Reviving an old thread here....like to share that I've just received endlers from US this morning, these are wild caught specimens which are to be used in research studies....all arrived safely in a styrofoam box, will try my best to take decent photos later  :Wink:

----------


## Justikanz

Wow... Not bad, your interest in Endlers still around.  :Smile: 

By the way, what happened to the picture links in post #1?

----------


## Quixotic

Directly from US? That must have cost a hole in your pocket.

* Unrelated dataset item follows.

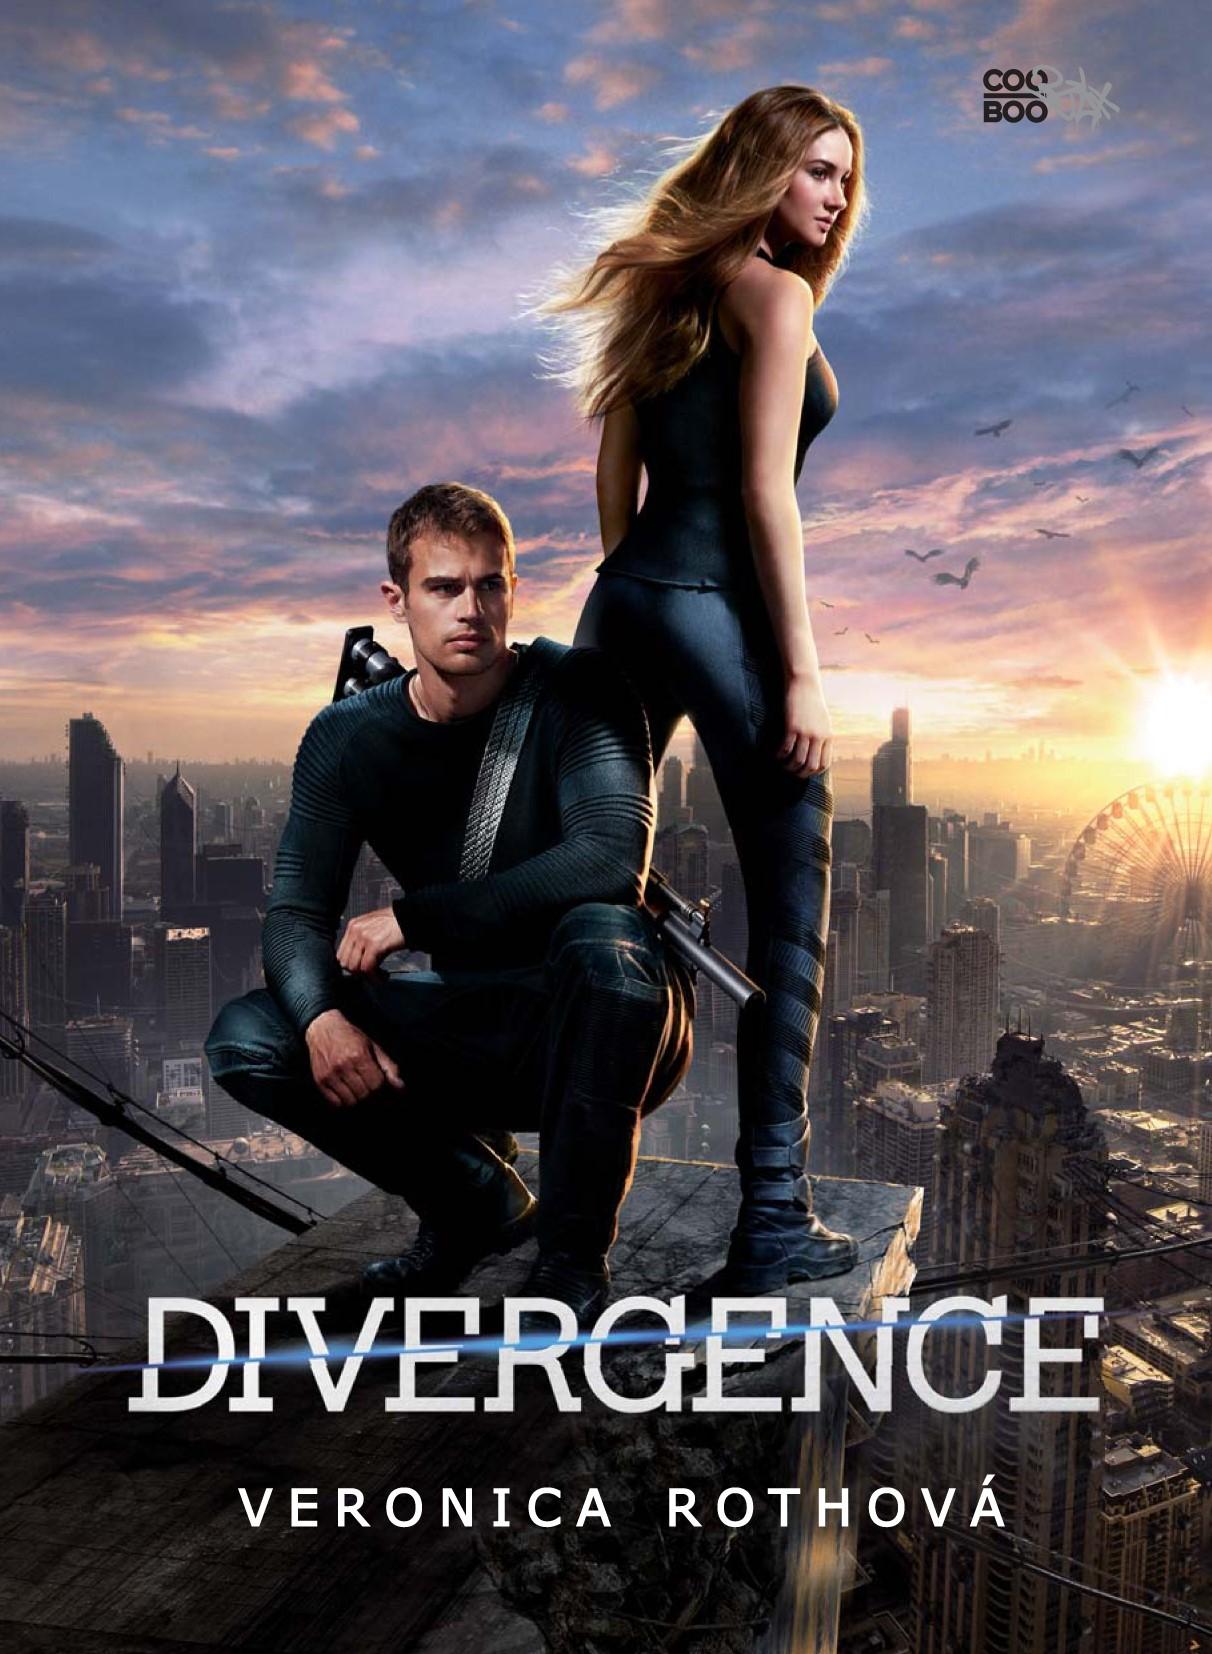 Divergence - filmové vydání | Veronica Rothová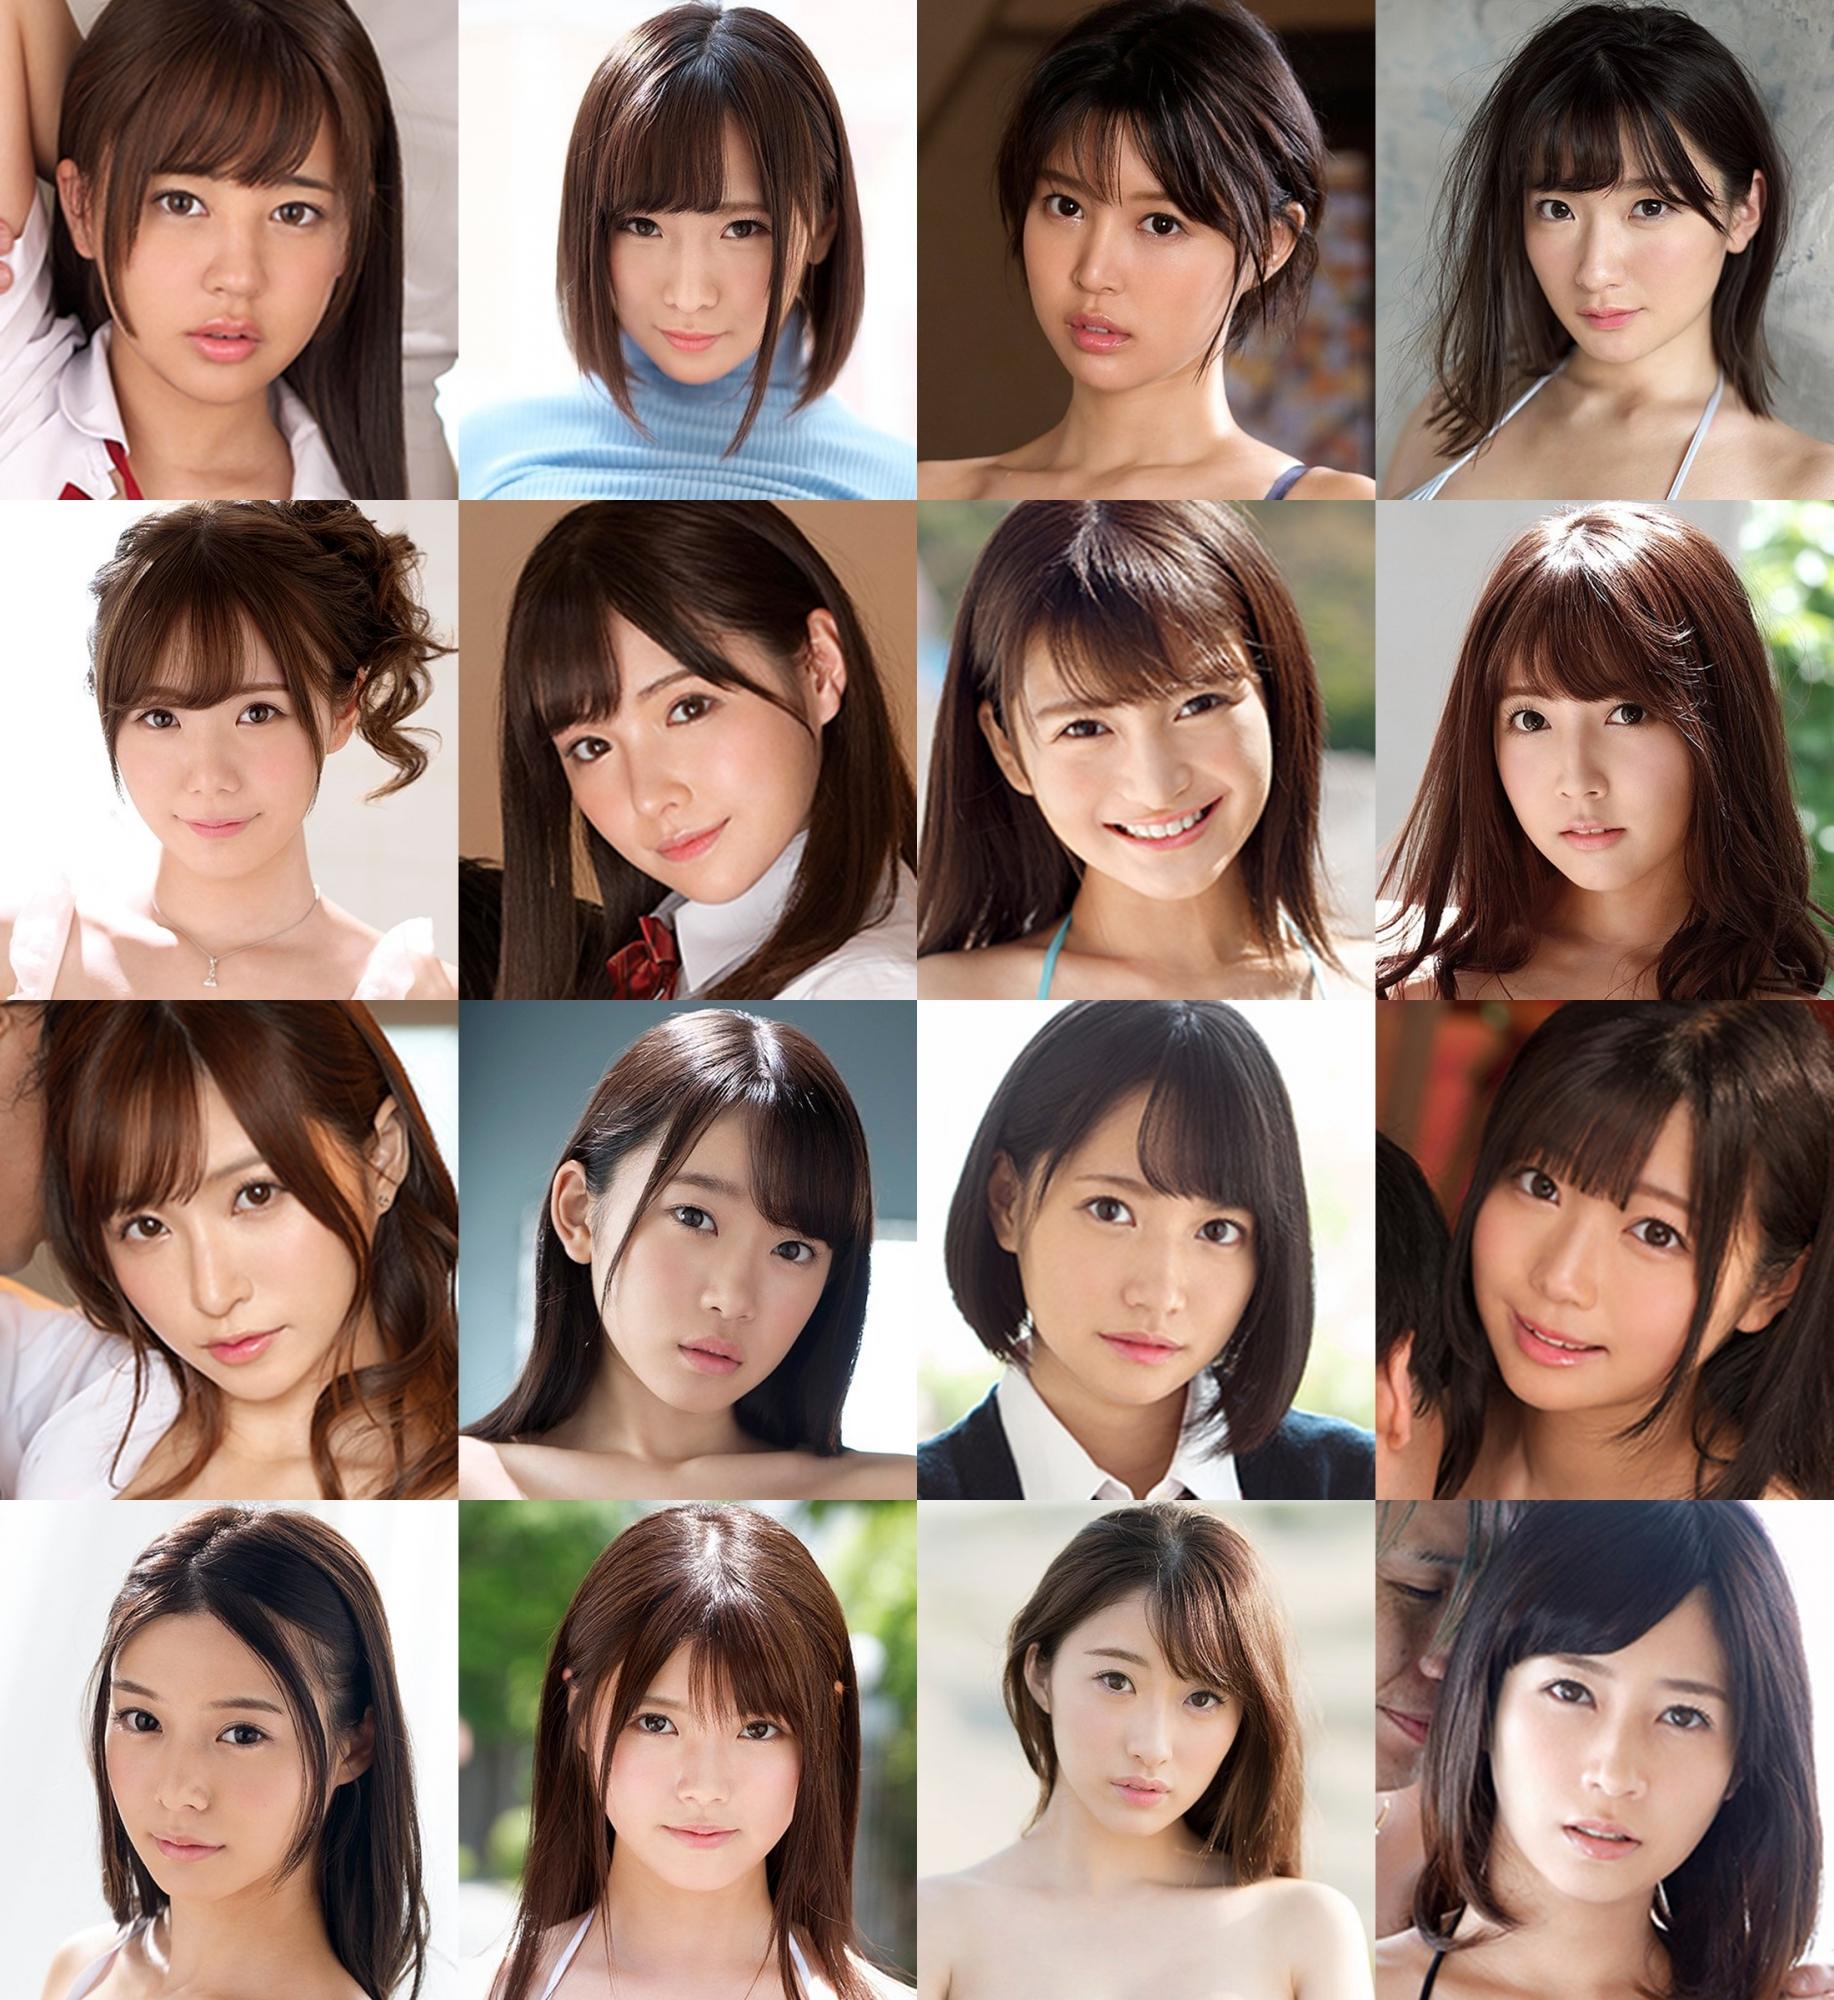 邪恶帝国S1《顶尖16女优梦幻共演》合体榨精9连发!

What strains are they? Same strains?

Do try to keep the line if possible and not hybridise them. I am sure many would be very interested in the offsprings.

----------


## Cacatuoides

I've removed the earlier pics to free up space to upload new pics...hehe :Opps:  

Here are the fellows who just arrived:

Wild Caught Specimens, assorted peacocks


Top Green Sword


By the way, I'm still keeping and breeding my most beloved Tuxedo endler in my tank  :Blah:

----------


## Quixotic

Alamaks... assorted? Then you will probably get "chapalang" offsprings. What a pity.

----------


## Cacatuoides

Quixotic: These are wild caught specimens, they are not line-bred therefore each of them are different from one another....the ones you see in the market now are line-bred, meaning the breeders develop a certain strain and line breed it to produce same offsprings.....wild specimen no good meh???  :Crying:

----------


## Quixotic

Maybe I got confused, but aren't different strains collected at different locations? Got to go re-read some of the stuff...  :Knockout:

----------


## Cacatuoides

Nope, strains are developed by breeders not by locations....endlers are unlike other fishes like apistos.....the color strains are selectively bred by man and the line continues in order to produce offsprings which takes after their parents.... these are called line-bred endlers....different from wild caught endlers...

----------


## Justikanz

Wild caught Endlers will also have strains. Just less obvious. The females are the ones who will decide the strain for a locality as they will have preference what coloured males to mate... The only thing is, Endlers are not really found in as many localities as, say, an apistogramma species... Thus, there are not many local strains and thus far, such 'strains' look similar. I remember reading an article on a collection trip and seeing the pictures of the different 'strains'...

Man 'made' strains are usually so in-bred, there is a consistant pattern and colour...

----------


## Cacatuoides

yup, i would agree on that. :Smile:

----------


## stormhawk

Eman, there are differing populations of Endlers that exist in the lake where they are coming from now. A recent collection in Venezuela yielded nine or more different strains with unique colour and pattern to each of them.

Oh yes, the collector's name was Armando Pou. I'm not sure where you got yours, but I think they came from a seller on Aquabid..  :Razz:  

By the way, when it comes to livebearers, only the really wild stuff interest me. Like _Xiphophorus montezumae_, and the Limia species. Too bad these wild-type livebearers don't have much colours, or flashy traits to make them interesting to Singapore importers.  :Sad:

----------


## Justikanz

JY, the colour strains have very little difference leh, especially for those who are not really looking hard...  :Smile: 

Xiphophorus montezumae ah? The olive green looks ok, what... I love the tail... Can find here? Hee... Going OT liao...

----------


## stormhawk

Well that's unfortunate then. I recall at least 9 distinct strains with a specific trait to each of them.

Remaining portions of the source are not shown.